Aside from waiting for that one story that will stick, here's other info you might find relevant, or that you should know about me:

I'm a gamer
I seldom read books, but can get heavily invested when I like them
I'm currently in college as a freshmen (hoping to be an architect one day)
I watch _a lot _of YouTube, especially let's plays from various people.
I'm asexual

And that about sums me up.


----------



## Carly Berg (Nov 13, 2016)

Welcome, Srossics.


----------



## jenthepen (Nov 13, 2016)

Hi Srossics and welcome. :hi:

This is a wonderful place for finding friends, inspiration and helpful support for your writing. It's a big site so take a look around and get a feel for the place. It's a good idea to read some of the stories and poems that other members have written and check out the competition threads and author interviews.
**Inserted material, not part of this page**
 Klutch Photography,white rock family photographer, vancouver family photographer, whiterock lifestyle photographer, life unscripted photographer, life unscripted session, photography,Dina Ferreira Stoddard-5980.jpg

You will begin to feel at home this way and you'll also find that we have a wide range of talent and lots of different interests all represented here.
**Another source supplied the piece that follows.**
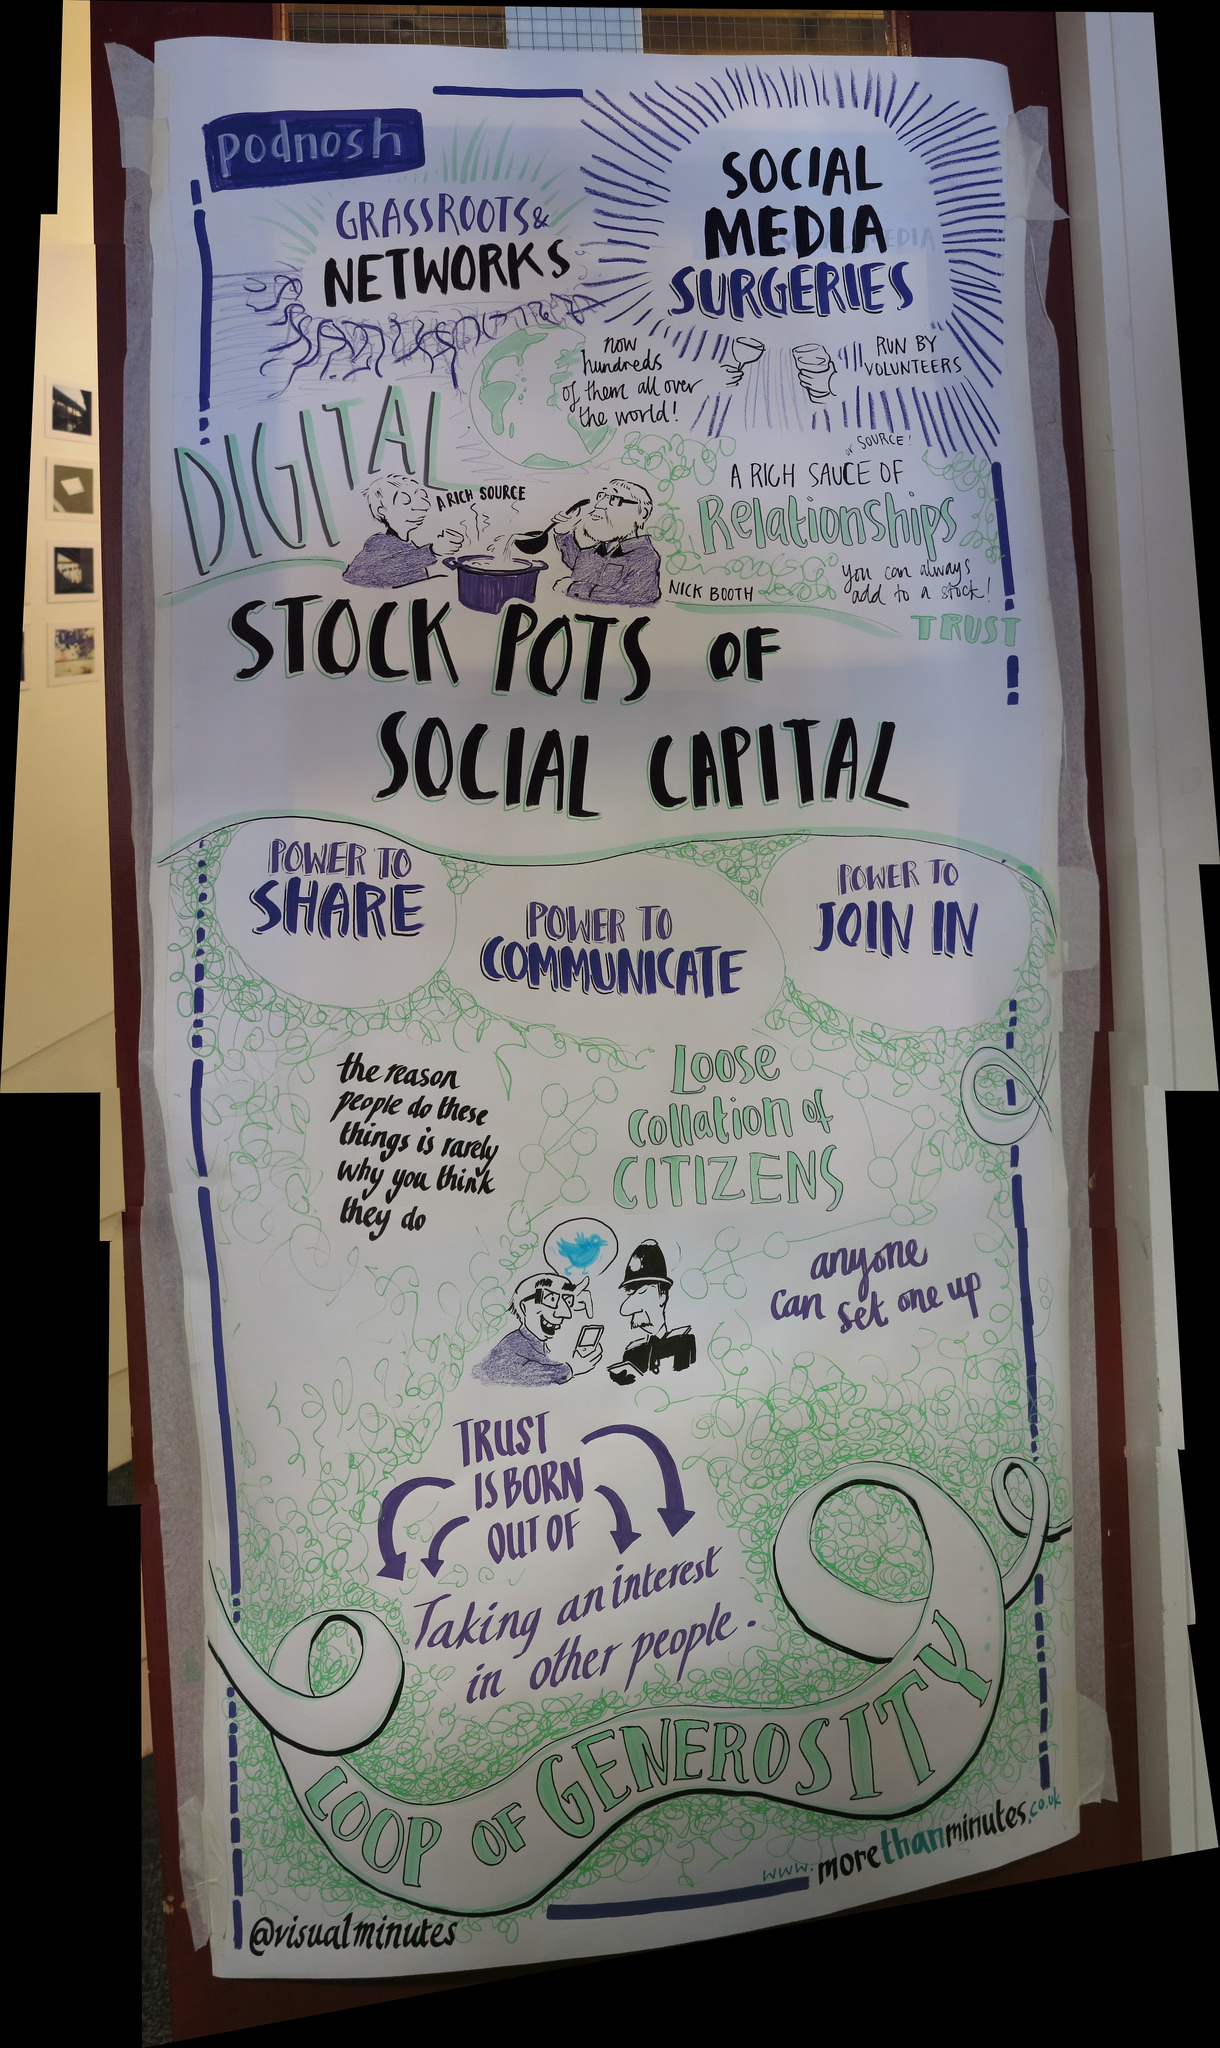 Birmingham's online communities - (digital) stockpots of social capital

Once you feel comfortable, please add a comment or two whenever you find a thread that interests you and, once you have made ten posts, more forums will open up for you and you'll be able to add an avatar and signature to your profile.

Have fun and I'd be pleased to help with any questions you have. 

jen


----------



## Srossics (Nov 13, 2016)

Thanks for the welcome.


----------



## Thaumiel (Nov 13, 2016)

Yo. Like jen said, go post. Since this is a creative forum commenting on other people's work is a good way to build your post count and get people to recognise you. Plus it's likely to get more people to comment on your own work.:thumbr:


----------



## Firemajic (Nov 16, 2016)

Srossics said:


> Well, I just joined this site. First things first: I have been _trying_ to write for several years at this point with noting to show for it yet. I've tried to write for several genres like fantasy, horror, and science fiction, but nothing has ever stuck with me.
> 
> Aside from waiting for that one story that will stick, here's other info you might find relevant, or that you should know about me:
> 
> ...





Hummmm, quite a dastardly dilemma.... writing, but not being able to stick with it... ouch... well, here is a suggestion... try one of the writing challenges, That will FORCE you to concentrate... sound good? Try it, it might work...  Welcome, roll up your sleeves and dazzzzzle us...see you around...


----------



## John_O (Nov 22, 2016)

Welcome to the group.


----------



## The Fantastical (Nov 23, 2016)

Welcome! The water is fine and there are a limited amout of dragons that bit! Mostly the just drool at you and make inappropriate suggestions about how to cook you, stew, jam, pie... pie seems like a popular option... :icon_cheesygrin: :tongue:


----------



## Bard_Daniel (Nov 24, 2016)

Welcome to the forum!

Don't forget to check out our Writing Contests and Prompts and our Mentor Directory.

Cheers!


----------